_Data segment_
━━━━━━━━━━━━━━━━━━━━
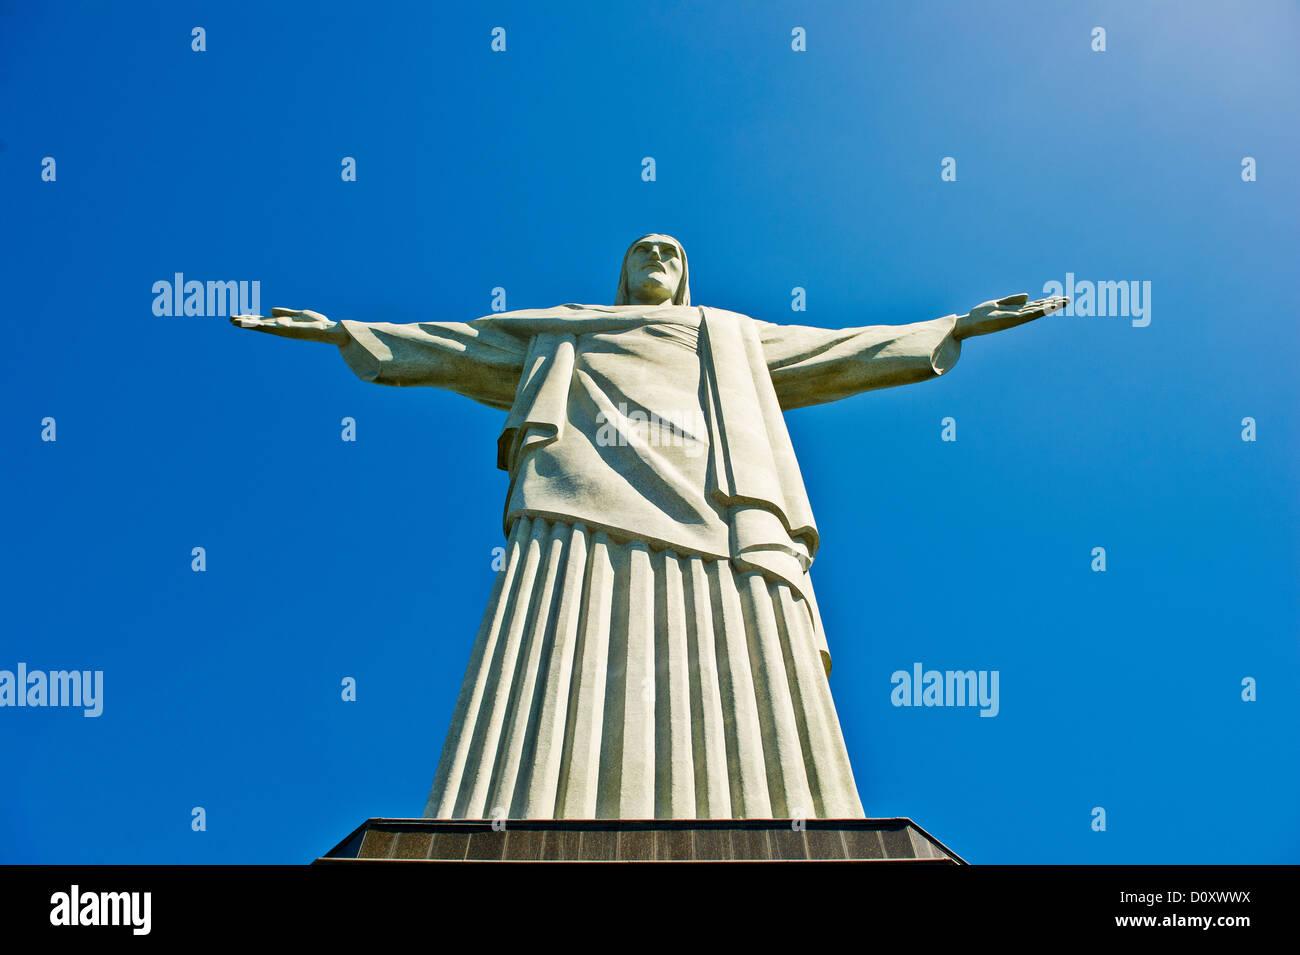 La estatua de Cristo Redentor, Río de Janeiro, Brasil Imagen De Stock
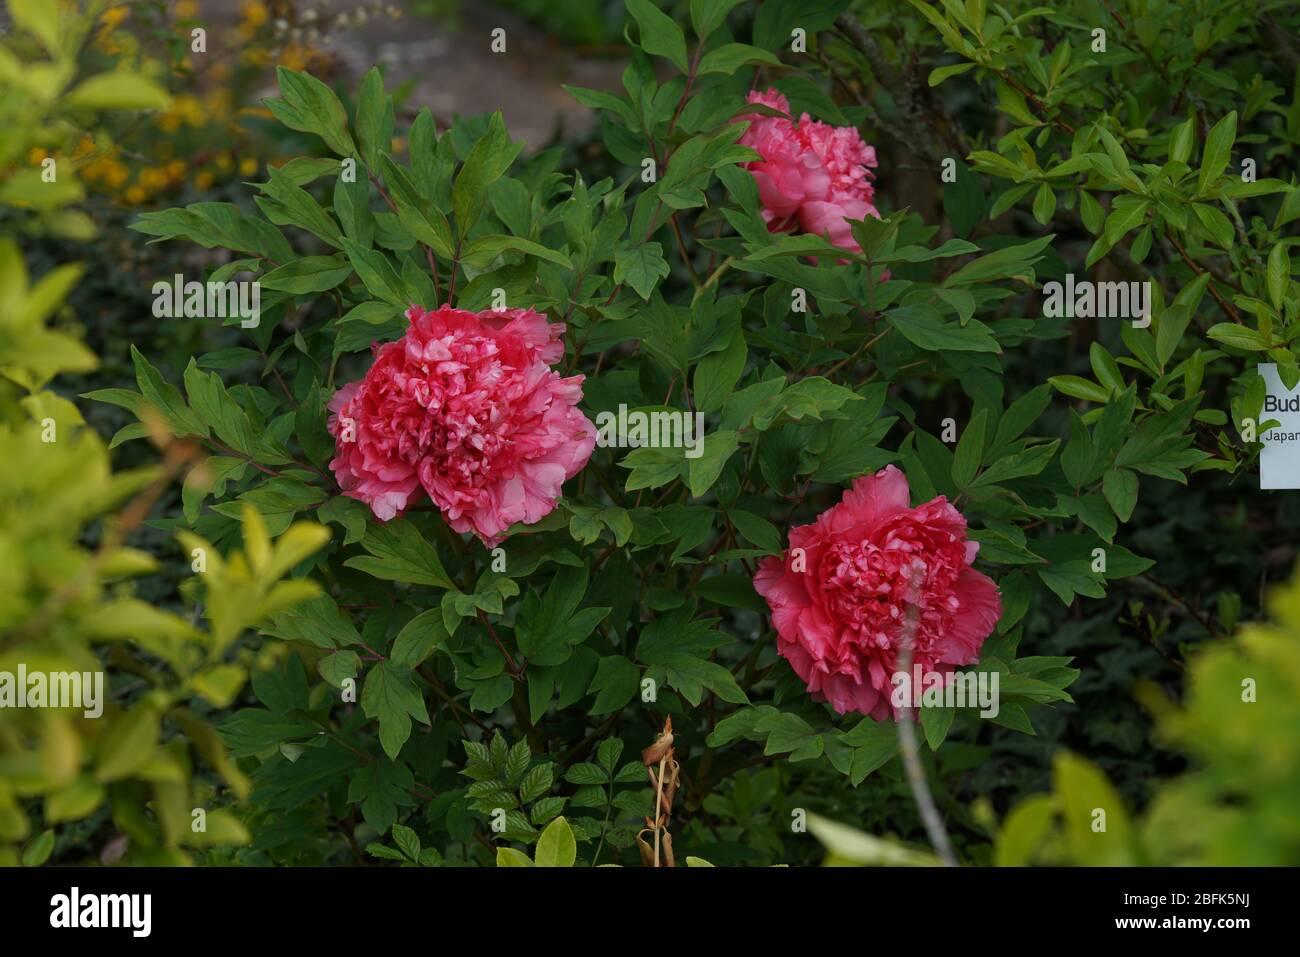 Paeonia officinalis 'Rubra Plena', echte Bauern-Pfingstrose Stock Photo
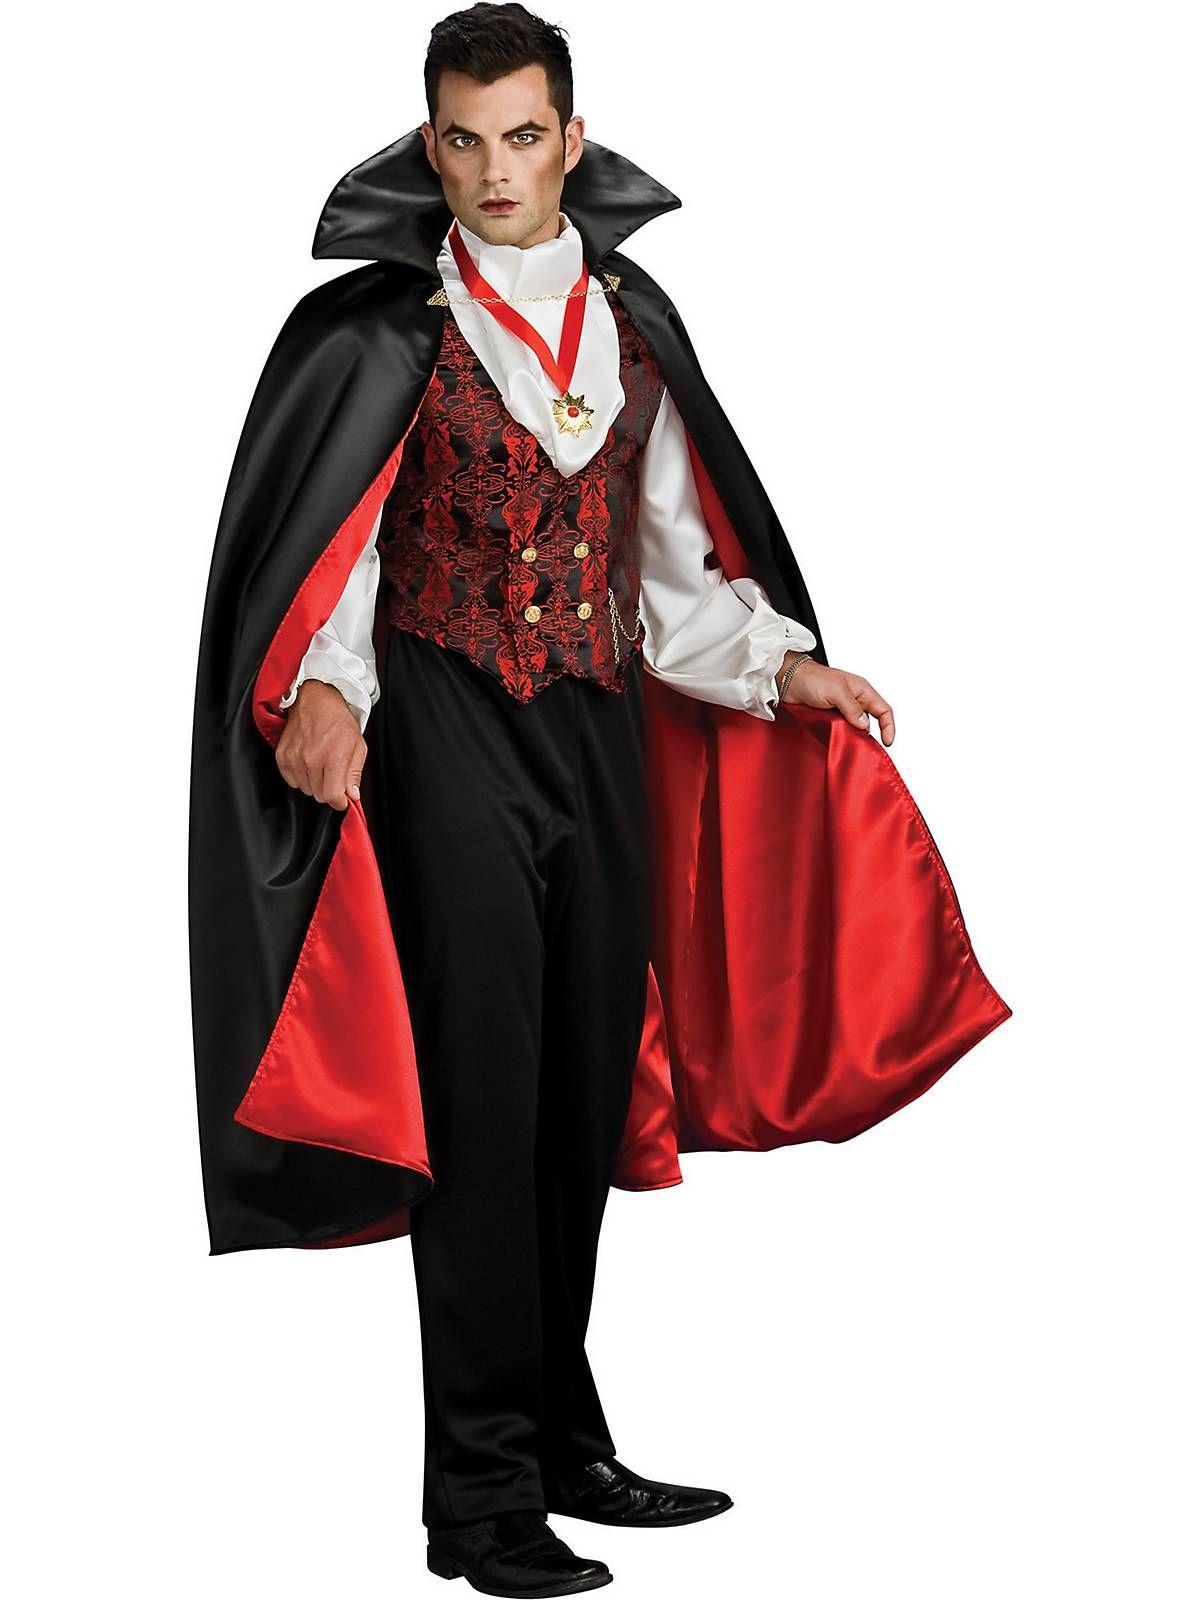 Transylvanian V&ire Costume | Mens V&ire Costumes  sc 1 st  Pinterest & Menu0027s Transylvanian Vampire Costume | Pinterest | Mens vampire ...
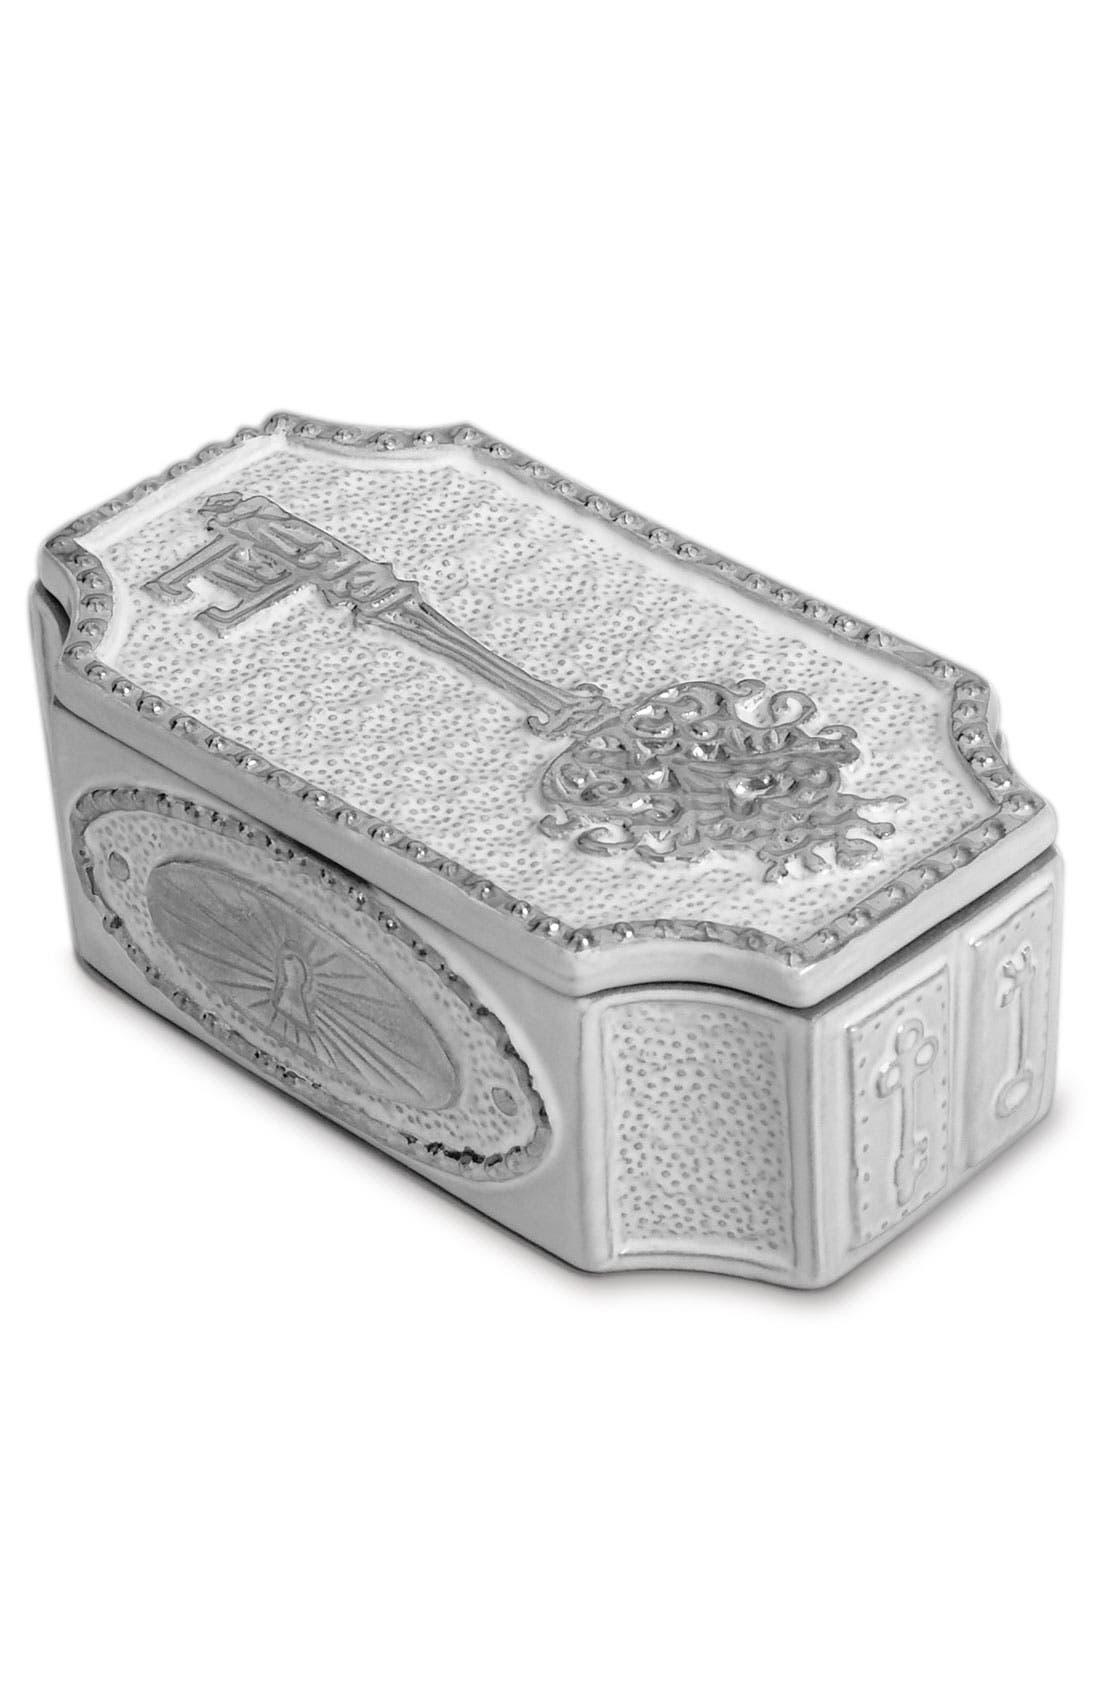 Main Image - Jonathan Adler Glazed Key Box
━━━━━━━━━━━━━━━━━━━━
_What needs to be done_
All of the lines above must be repeated without alteration, though the pictures are to be excluded.

_Response below_
 La estatua de Cristo Redentor, Río de Janeiro, Brasil Imagen De Stock
 Paeonia officinalis 'Rubra Plena', echte Bauern-Pfingstrose Stock Photo
 Transylvanian V&ire Costume | Mens V&ire Costumes  sc 1 st  Pinterest & Menu0027s Transylvanian Vampire Costume | Pinterest | Mens vampire ...
 Main Image - Jonathan Adler Glazed Key Box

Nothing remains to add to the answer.